> -----Original Message-----
> From: James Strachan [mailto:[EMAIL PROTECTED]]
> Sent: 23 May 2002 19:38
> To: Turbine Maven Developers List
> Subject: extending the notion of dependencies...
> 
> There's 2 things I'm musing about to enhance the power of the Maven
> dependency notion.
> 
> A) add a dependency 'category / kind / group'. (I would have used the
term
> 'type' but its already taken in the XML syntax). e.g.
> 
> <dependency>
>     <name>xercesImpl</name>
>     <category>test</category>
>     <type>required</type>
>     <version>2.0.0</version>
>     <jar>xercesImpl-2.0.0.jar</jar>
> </dependency>
> 

+1. I think there are also other elements that would be interesting :

- A notion of "installed" jars (same as the pkgdir of Gump), i.e. jars
that do not need to be downloaded. In my case, the jars are in our CVS
somewhere (we're building a product and we want to control our external
jars). By default a jar is downloadable but this can be overridden.

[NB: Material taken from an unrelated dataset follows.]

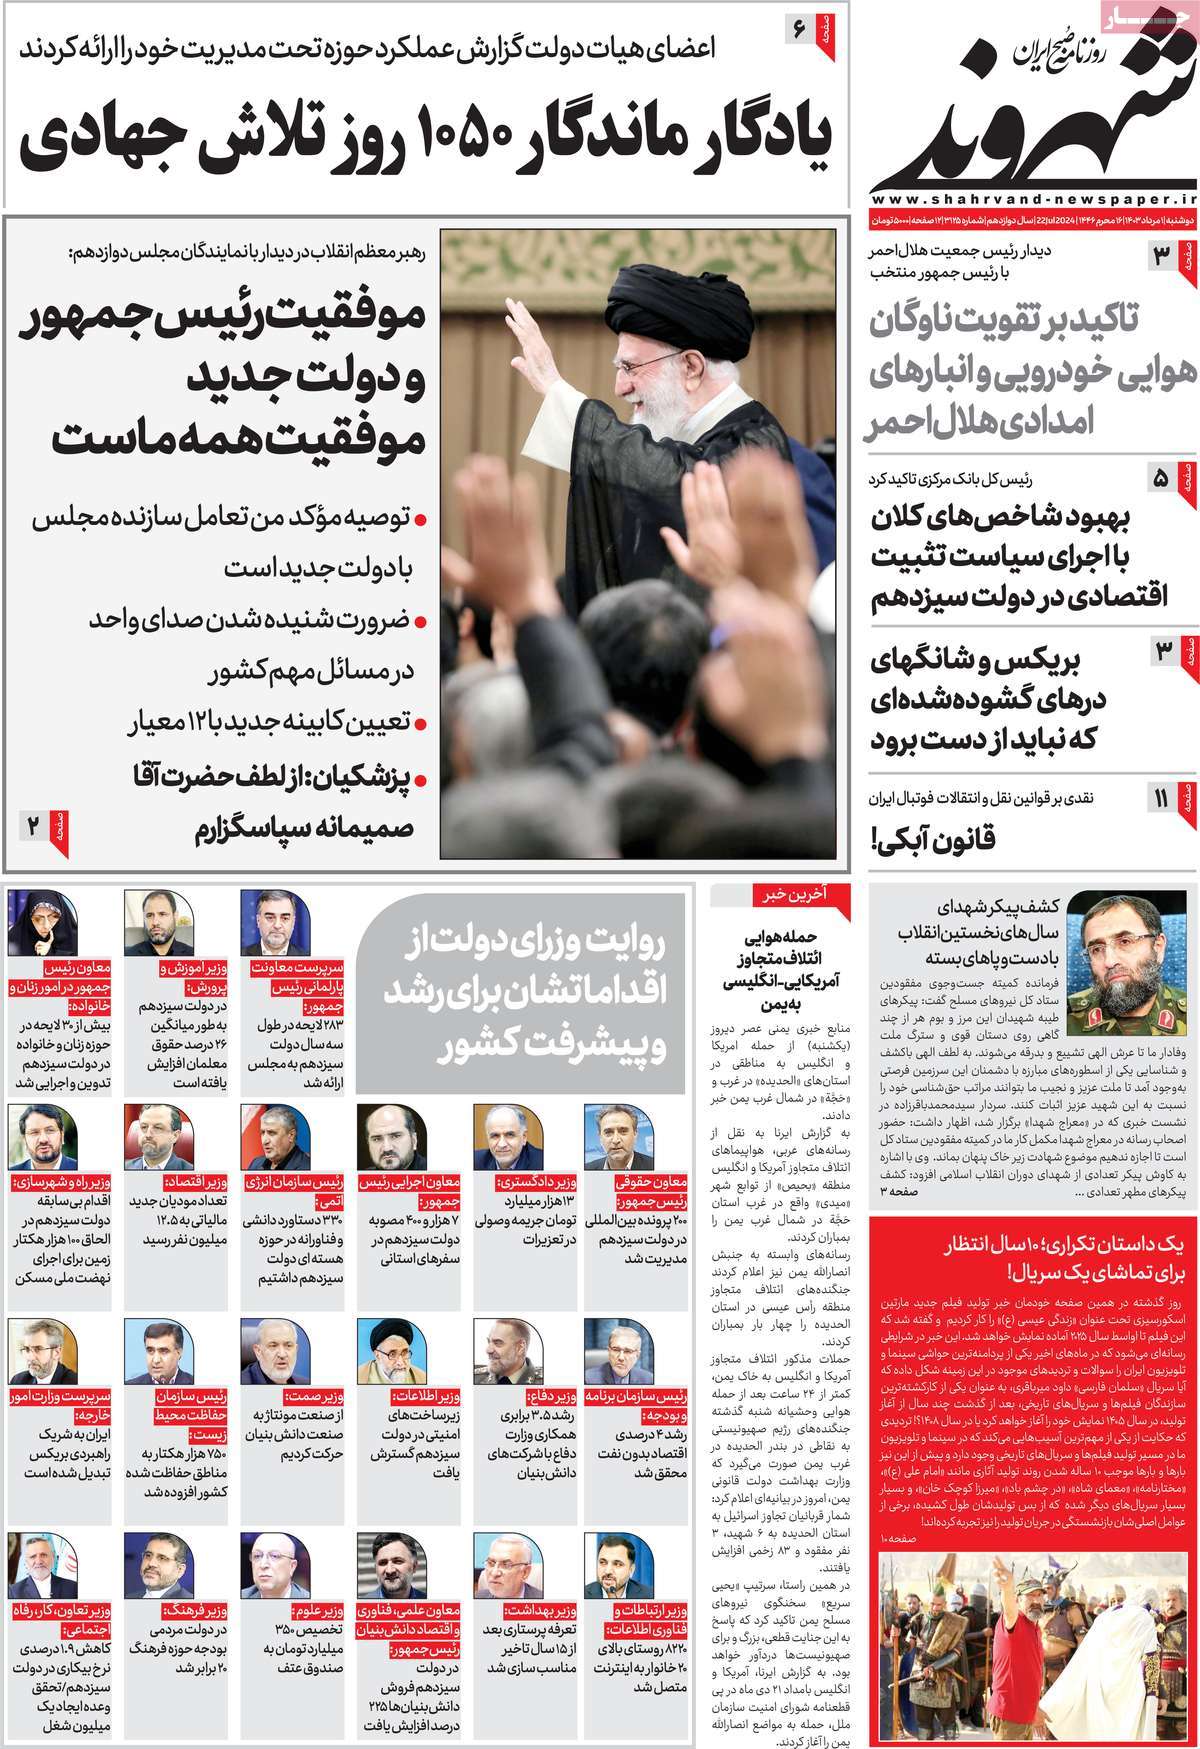 صفحه اول روزنامه شهروند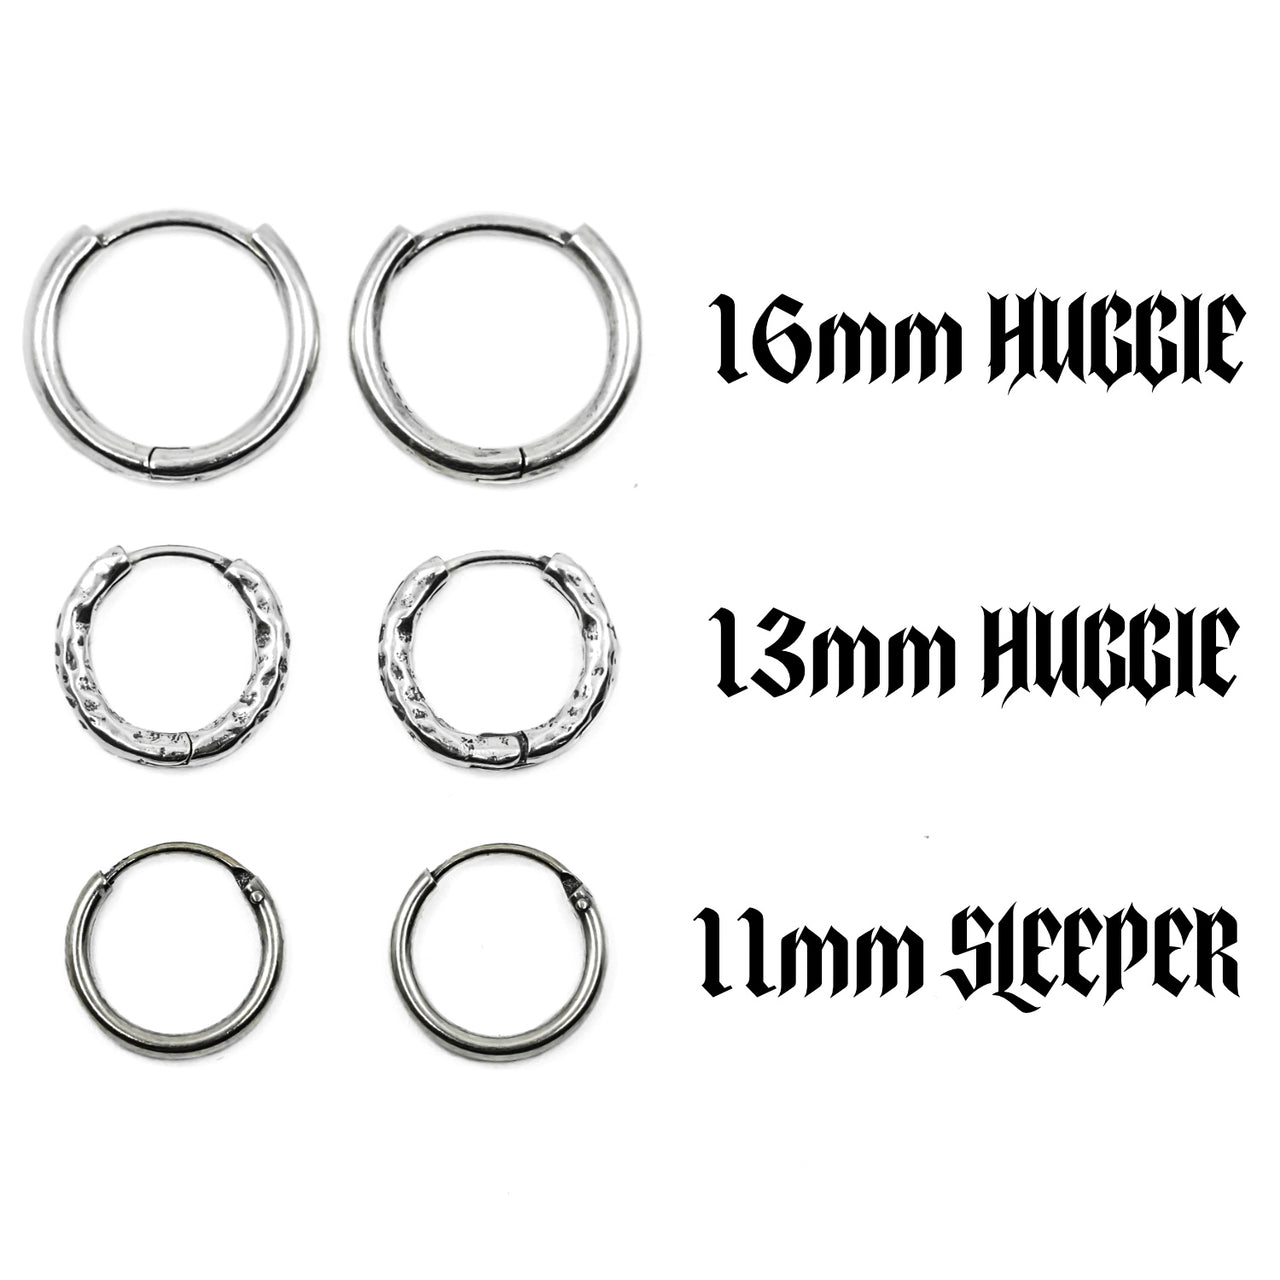 Different sterling silver earring hoop options - sterling silver huggie and sleeper hoop

- A notion of location. By default, the jar is found in lib.repo. If a
location is specified it is looked for in that directory. Jars that have
a location are not downloaded.

The 2 notions can be combined. Specifying a location can mean that the
jar is an installed jar that should not be downloaded but can be found
in the said directory.

What is my motivation for this ? It is because subprojects can depend
upon jars produced by other subprojects but the 2 subprojects can form a
single project. In other word a given subproject does not perform
releases. Only the project does. This is very frequent when you're
working on a product project where you divide the work by defining
several subprojects. It is of course less true when you work on
framework which is what most of us are doing when working on Jakarta
projects. But when it comes to using Maven on customer projects, it is
really necessary I think.

In the same spirit, there could be another notion :

- A notion of project reference, i.e. this jar is produced by that
project which is located there and which you start this way (hum this
looks more and more like Gump :-)). Then when you build the project and
Maven finds the jar is missing it can start the build for the dependent
project.

I guess this is more than a cosmetic change and would need to be clearly
thought out. I seem to remember Jason had some idea on the subject (is
that the Reactor ?).

I'd like to know if it is the direction being followed by Maven ?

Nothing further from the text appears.